Lazaridis, was BlackBerry's co-CEO until early 2012 and a board member until March.
Expressing a positive outlook for Blackberry, Fairfax chairman and chief executive Prem Watsa said: “We believe this transaction will open an exciting new private chapter for BlackBerry, its customers, carriers and employees. We can deliver immediate value to shareholders, while we continue the execution of a long-term strategy in a private company with a focus on delivering superior and secure enterprise solutions to BlackBerry customers around the world.”
"The brand name, a security system second to none, a distribution network across 650 telecom carriers worldwide, a 79 million subscriber base, enterprise customers accounting for 90% of the Fortune 500, almost exclusive usage by governments in Canada, the US and the UK, a huge original patent portfolio, an outstanding new operating system developed by QNX and $2.9 billion in cash with no debt, are all formidable strengths as BlackBerry makes its comeback!,” he added.
Canada's Warren Buffet
The journey of Prem Watsa, the Indian-born billionaire and the CEO of Fairfax Financial is a rags-to-riches tale. As a young student, he turned his back on chemical engineering, to eventually become one of Canada's wealthiest investors.
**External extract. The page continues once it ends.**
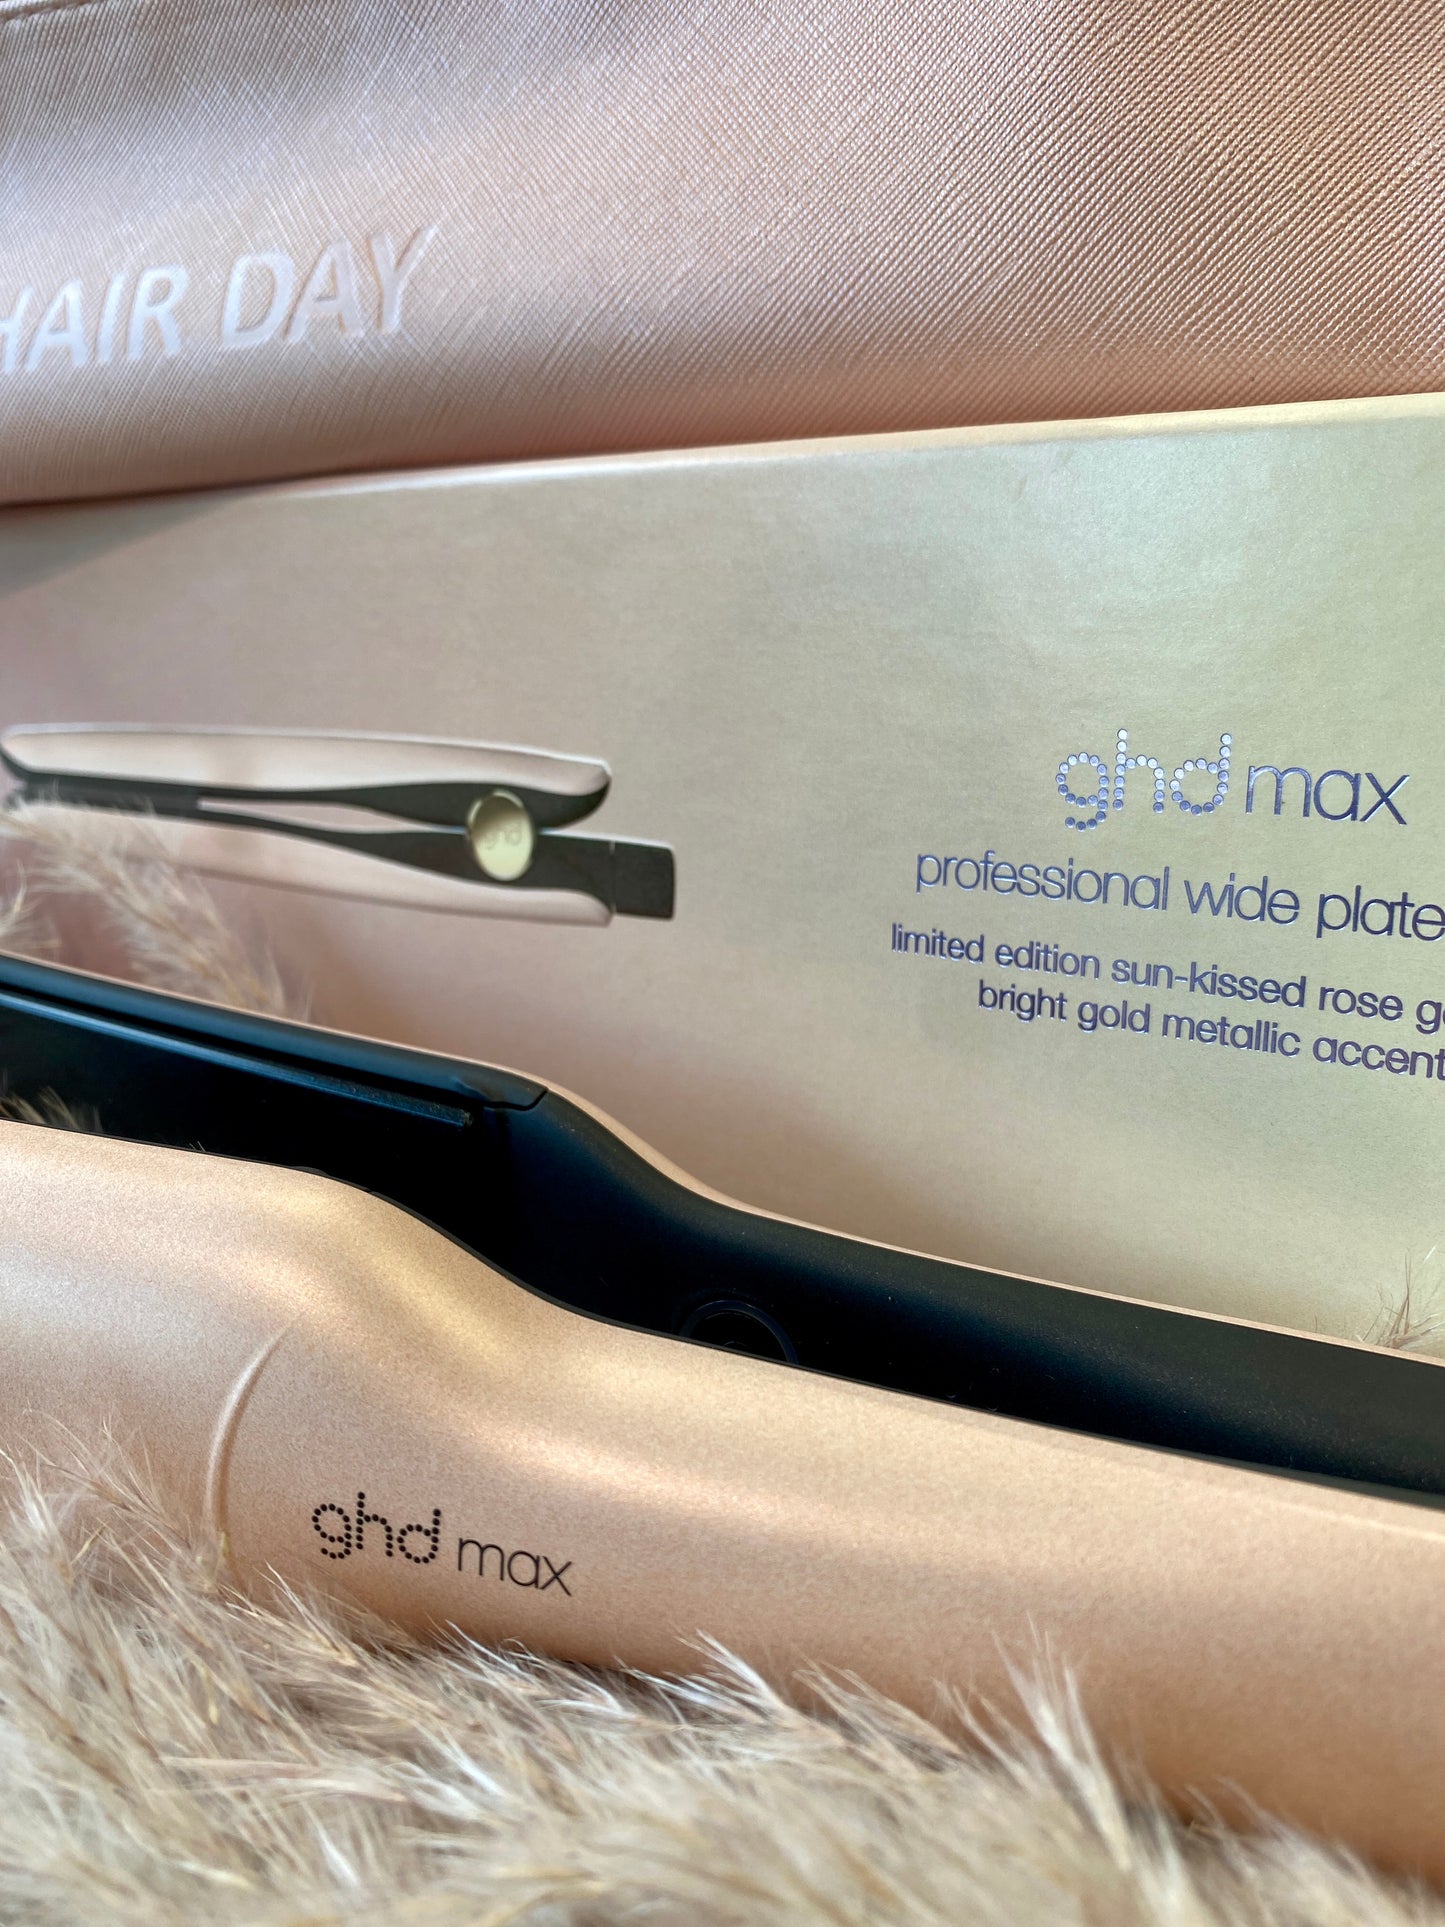 ghd Sun Kissed Limited Edition Max Styler

Some of his key career highlights include, correctly predicting the collapse of the subprime mortgage market in 2007. He also saved the ailing Bank of Ireland, a risk that turned out to be a good decision.
Under Watsa’s leadership, Fairfax has grown into a $31 billion behemoth. The company's share price has increased by an average of 21 percent annually over the last two decades. He is deservedly called the Warren Buffett of Canada and here are three similarities between both the investors:
Watsa, like Buffett is a student of Ben Graham's value investing strategy, and believes in buying companies whose shares seem undervalued by the market.
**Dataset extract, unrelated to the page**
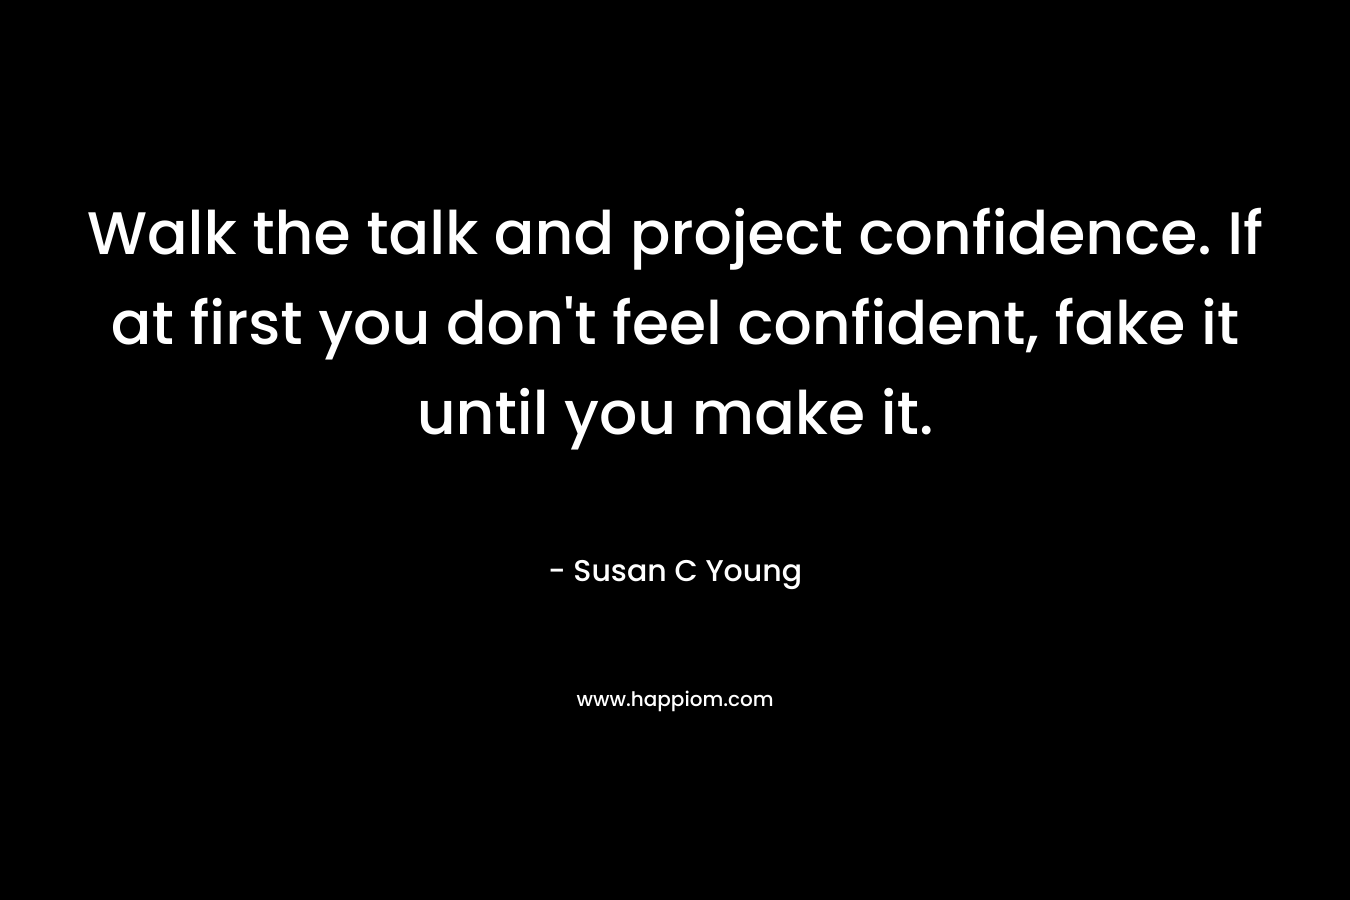 Walk the talk and project confidence. If at first you don’t feel confident, fake it until you make it. – Susan C Young

Like Buffett, Watsa has entered into an insurance business, investing in a broad range of industries.
And like Buffett, he has been successful. In 2008, Fairfax was Canada's most profitable corporation.
Watsa Roots for Blackberry
Watsa has called BlackBerry "Canada's greatest technology company." He is currently chancellor at the University of Waterloo, BlackBerry's hometown school, and would like to see the company continue to provide jobs there. The position was previously occupied by BlackBerry founder (University of Waterloo graduate) Mike Lazaridis, who Watsa describes as a "good friend." Lazaridis has also made substantial donations to the university.
Watsa has also invested in newspaper companies and PC makers like Dell. In Blackberry’s case he likes to believe, "Trees don’t grow to the sky and markets don’t fall to the floor." It's been a rough few years for Blackberry and the company may finally have hit bottom but Watsa says it is poised for a rebound.